[ACTIVITY]:
Don't include any picture when you restate the data word for word.

:: MATERIAL PROVIDED ::

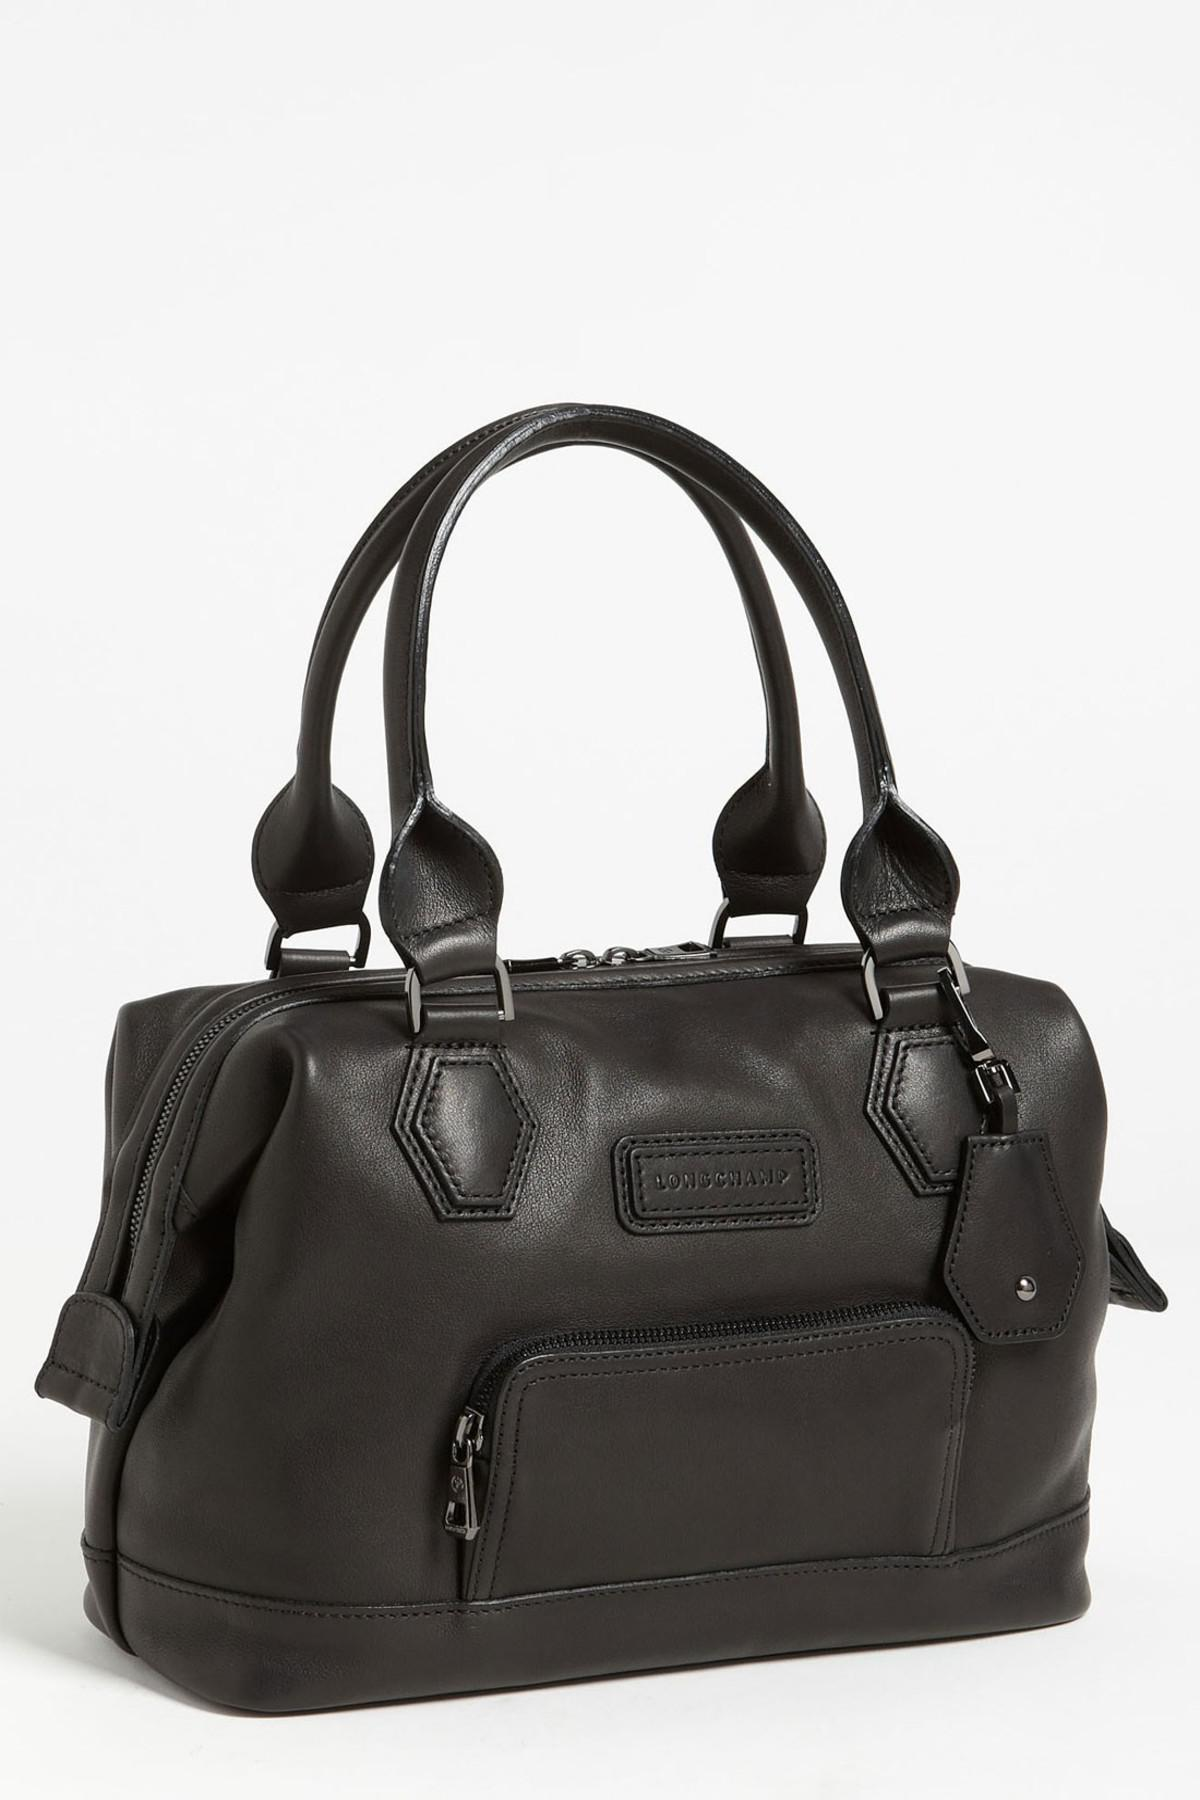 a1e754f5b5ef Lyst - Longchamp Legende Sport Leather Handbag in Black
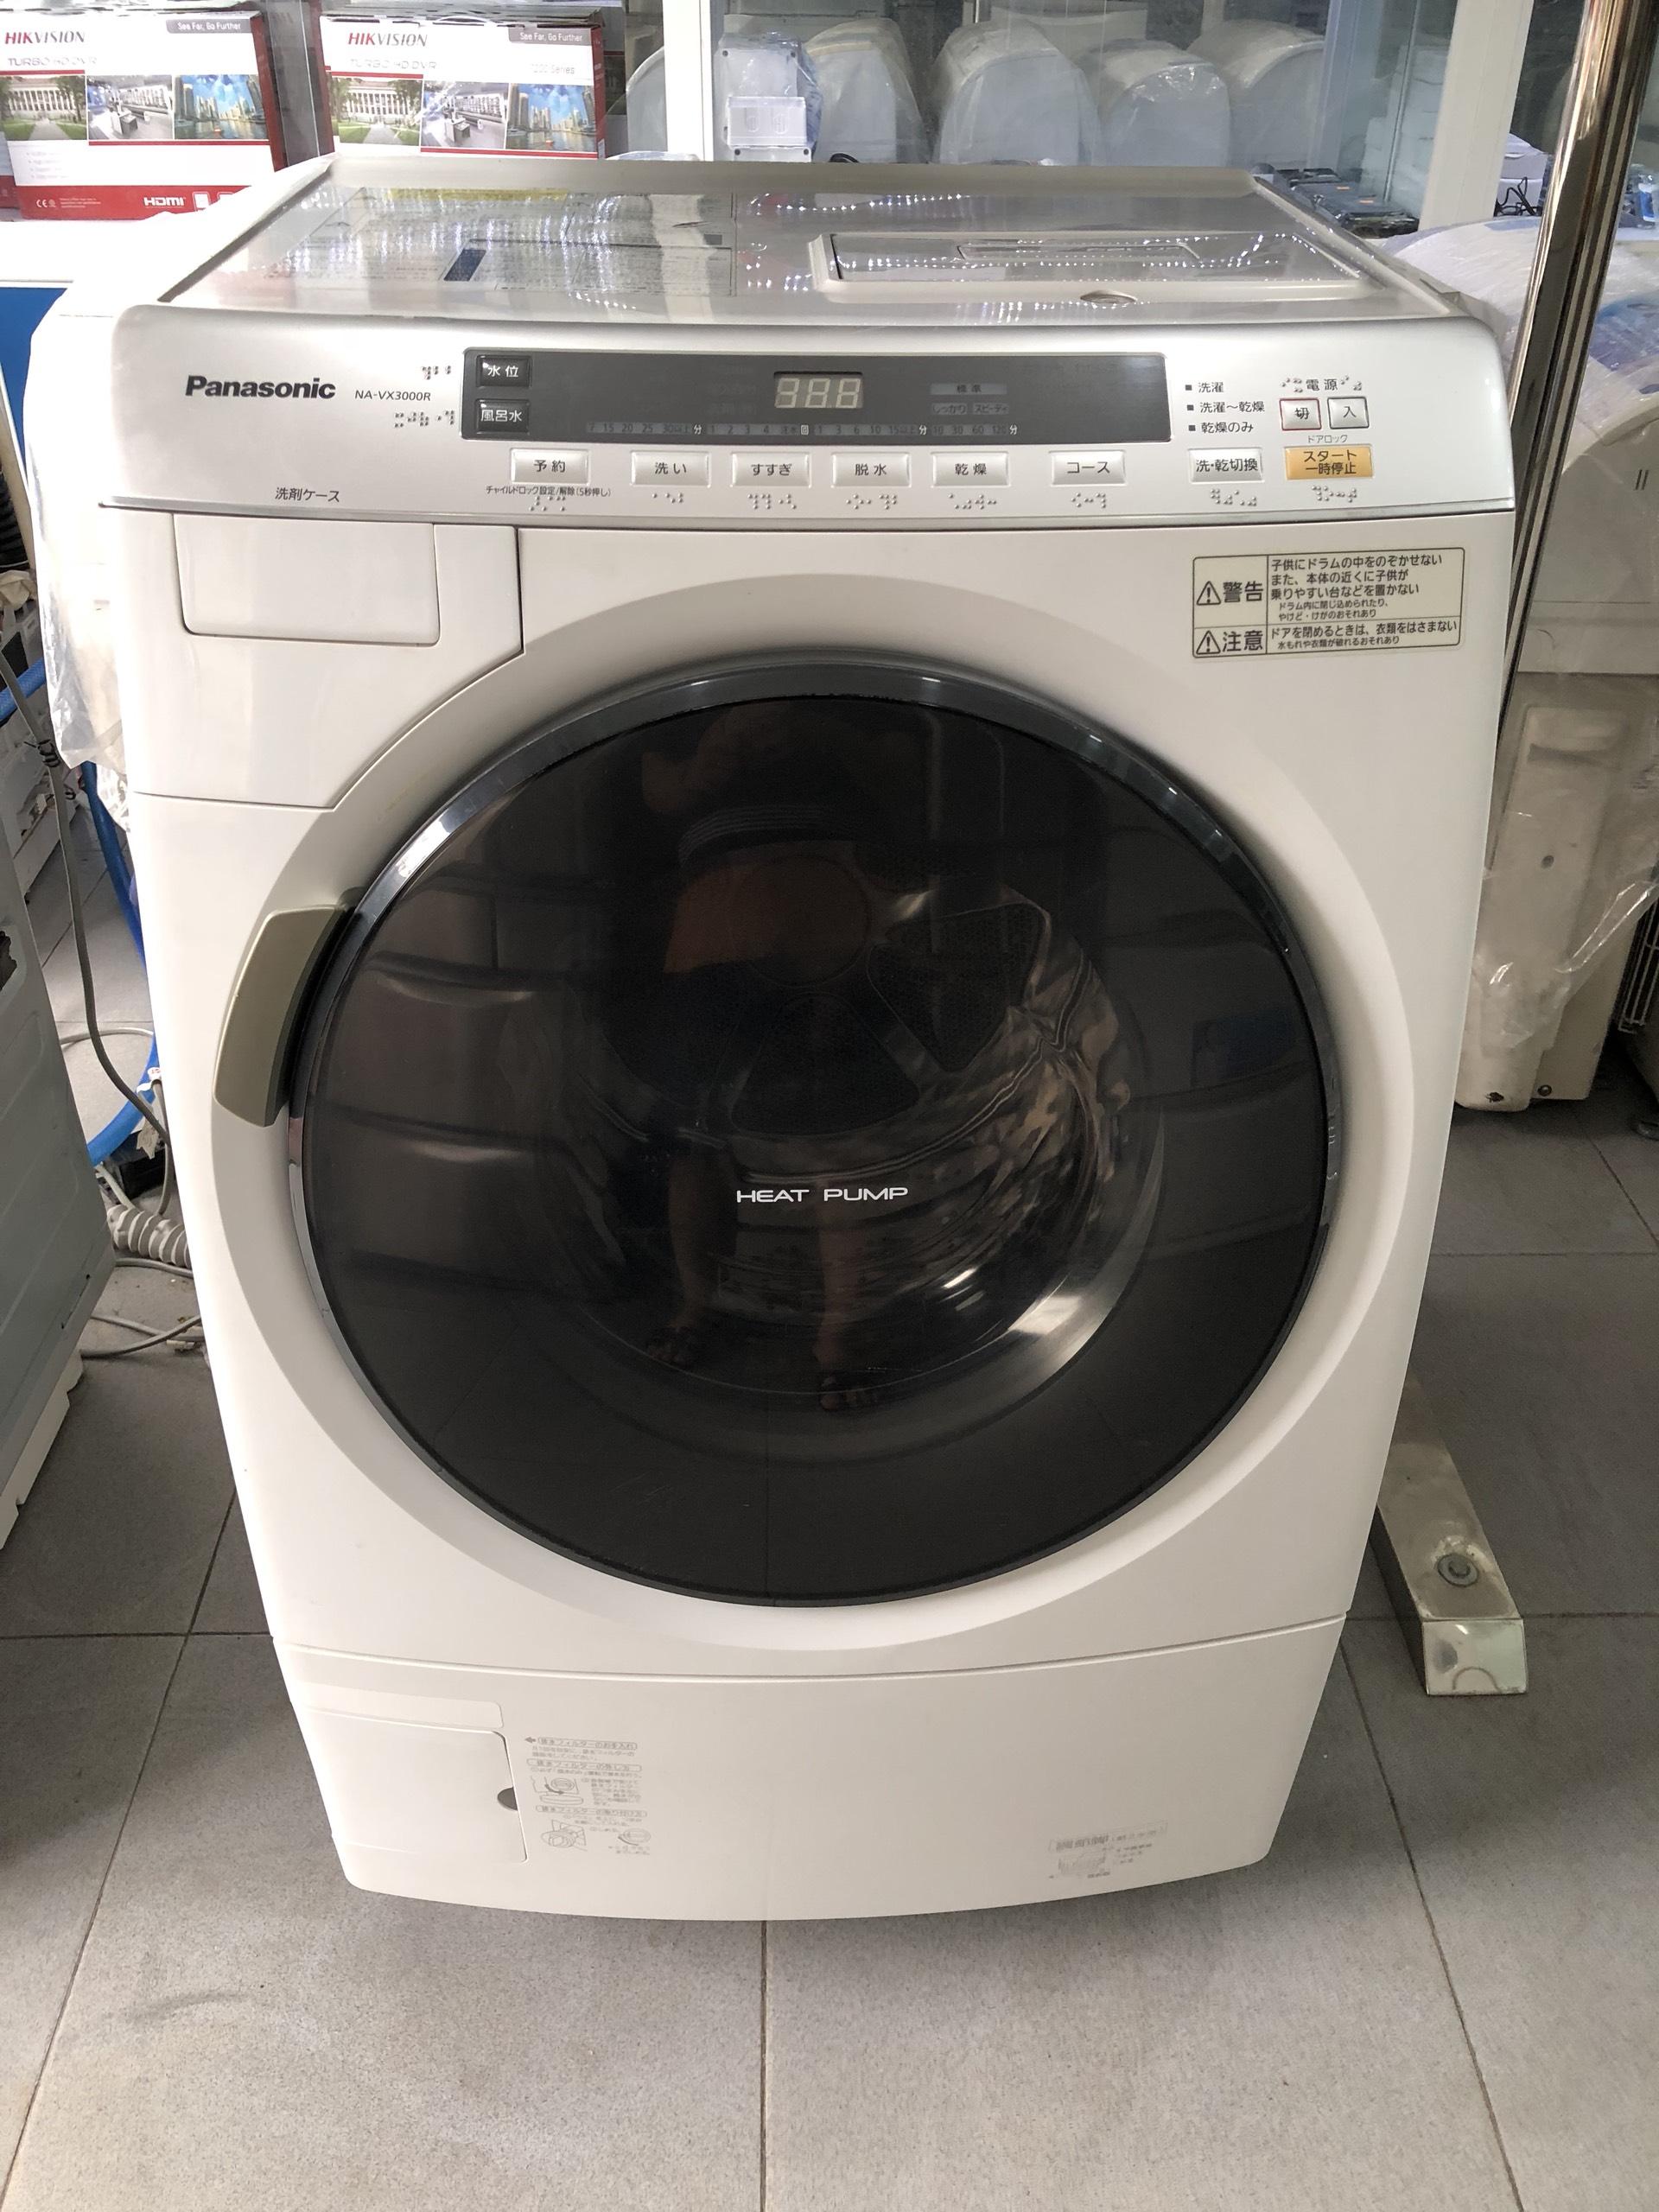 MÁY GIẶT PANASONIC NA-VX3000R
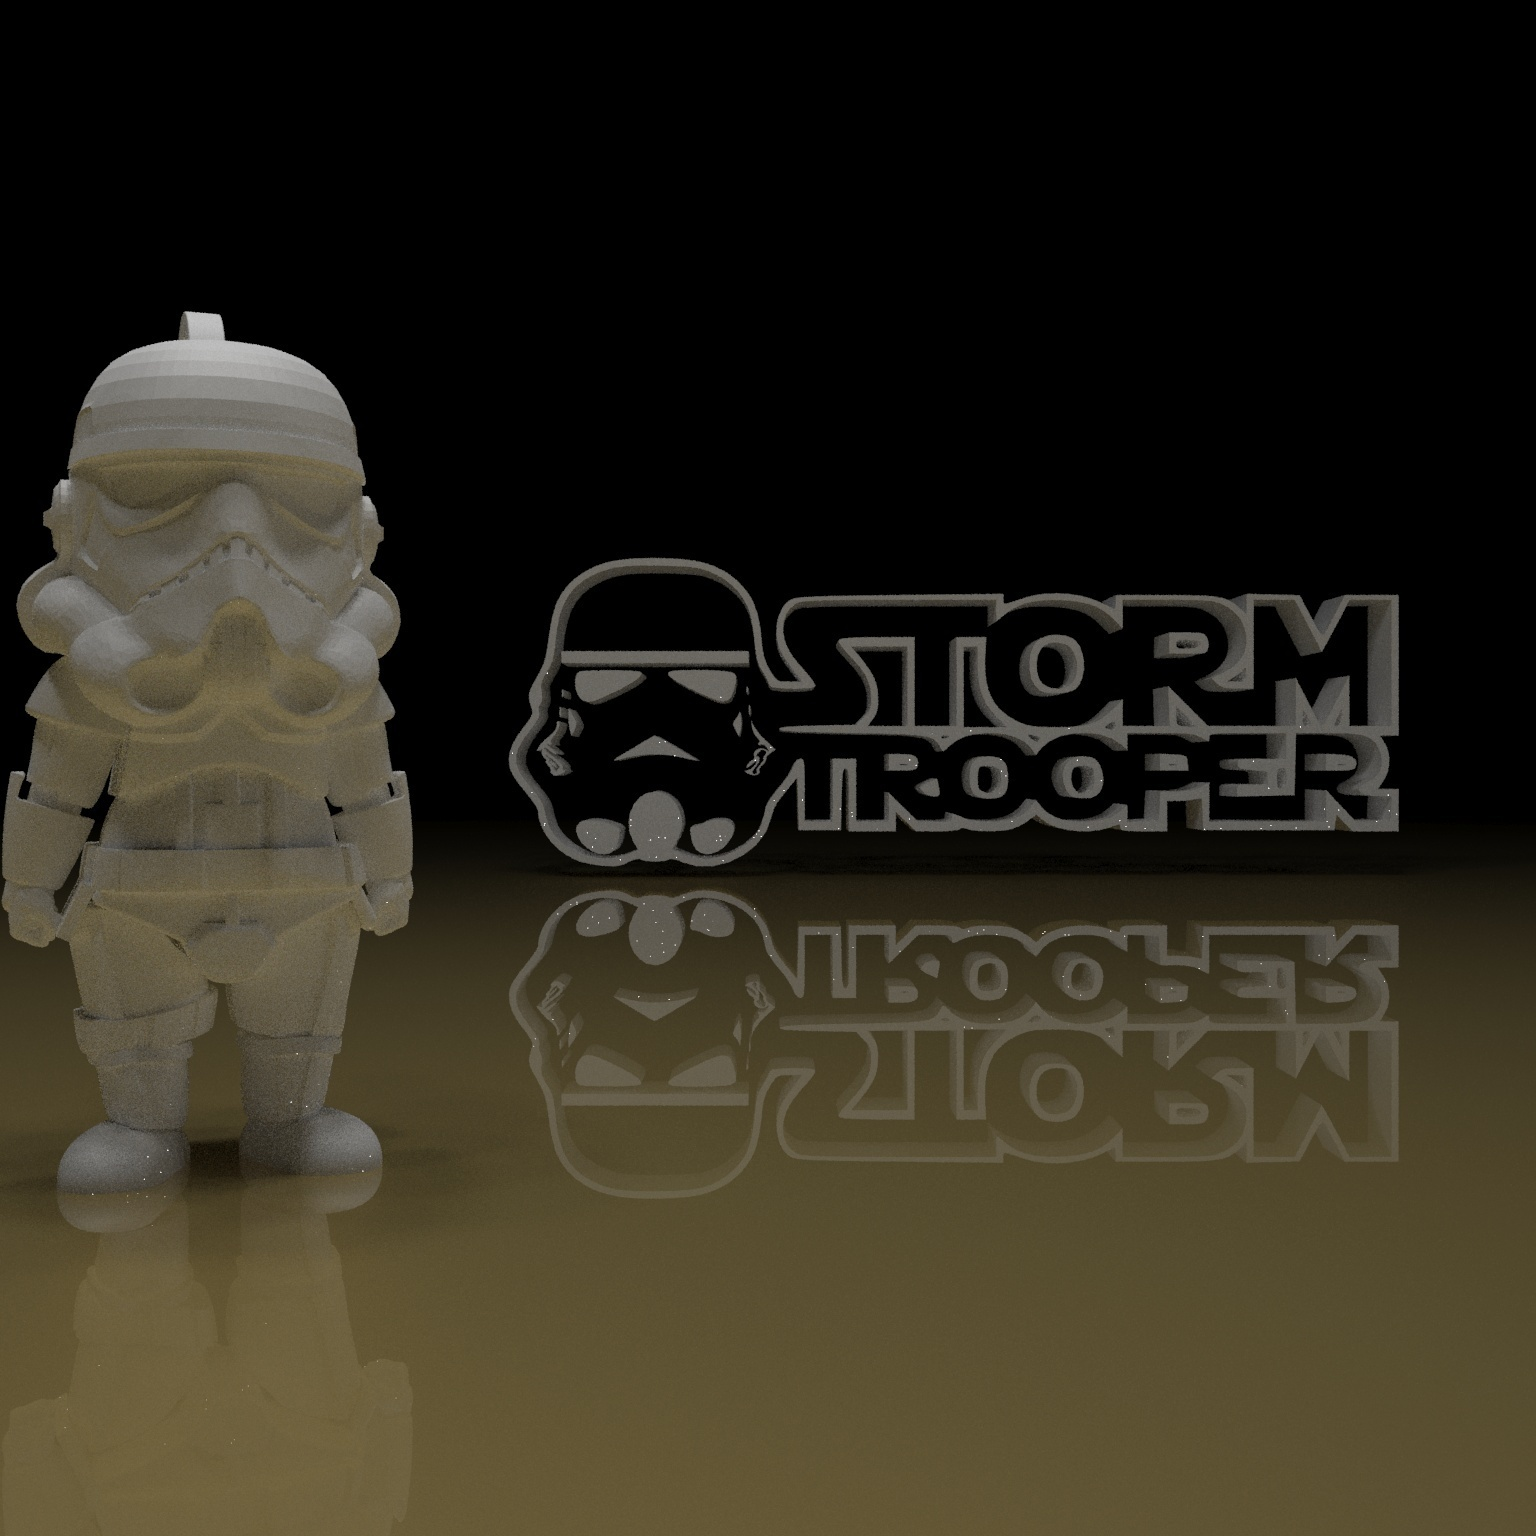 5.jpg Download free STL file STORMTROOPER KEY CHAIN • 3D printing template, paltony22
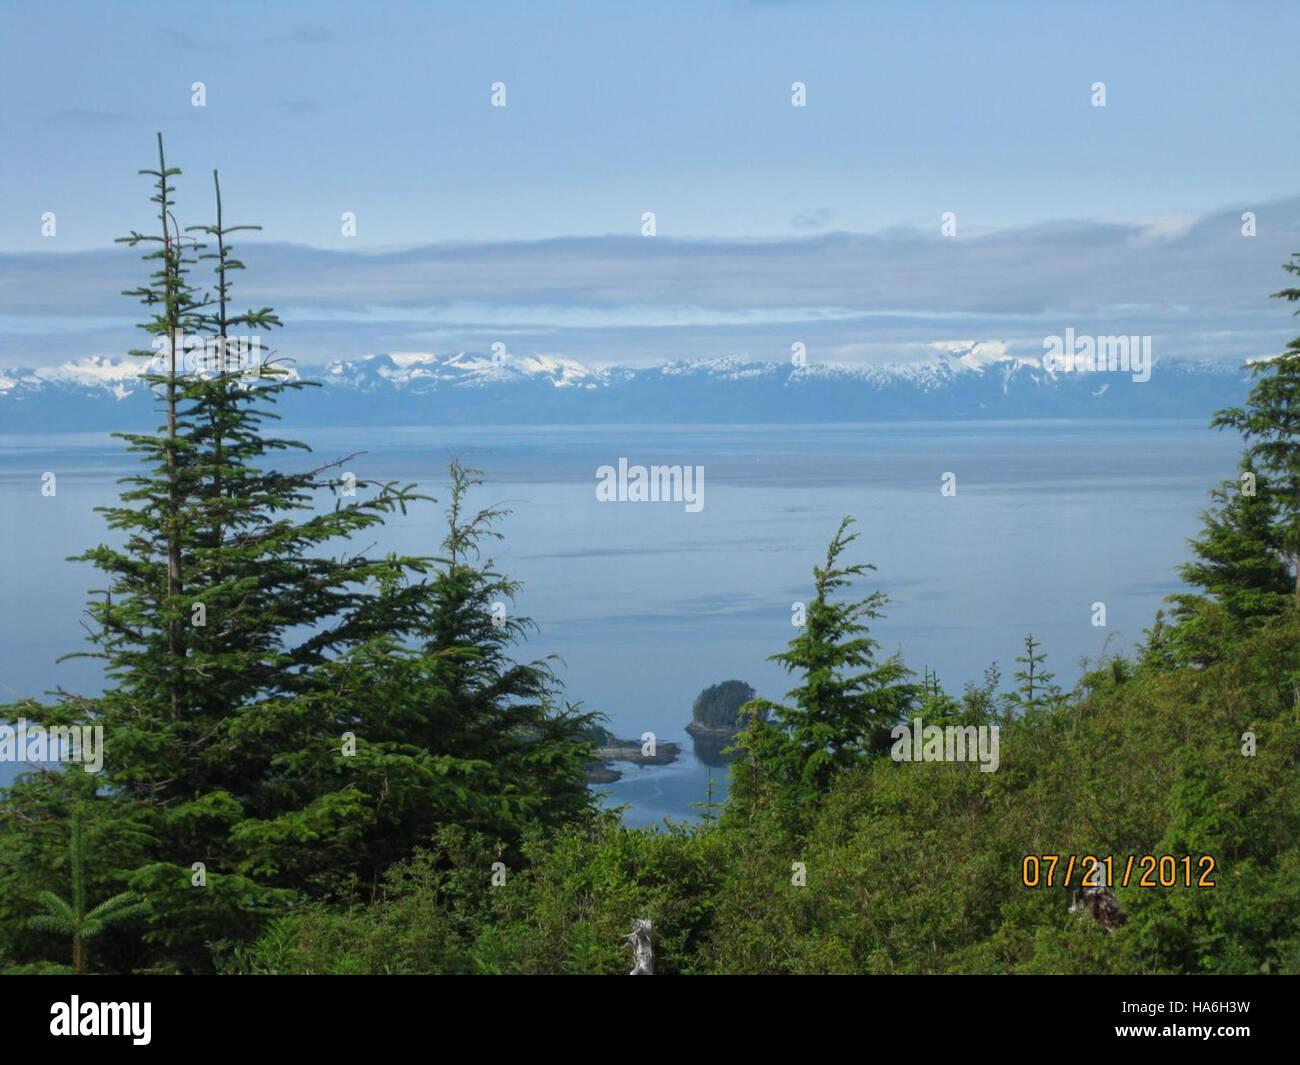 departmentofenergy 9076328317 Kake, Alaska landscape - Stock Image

:::

[ANSWER BELOW]:
 a1e754f5b5ef Lyst - Longchamp Legende Sport Leather Handbag in Black
 MÁY GIẶT PANASONIC NA-VX3000R
 5.jpg Download free STL file STORMTROOPER KEY CHAIN • 3D printing template, paltony22
 departmentofenergy 9076328317 Kake, Alaska landscape - Stock Image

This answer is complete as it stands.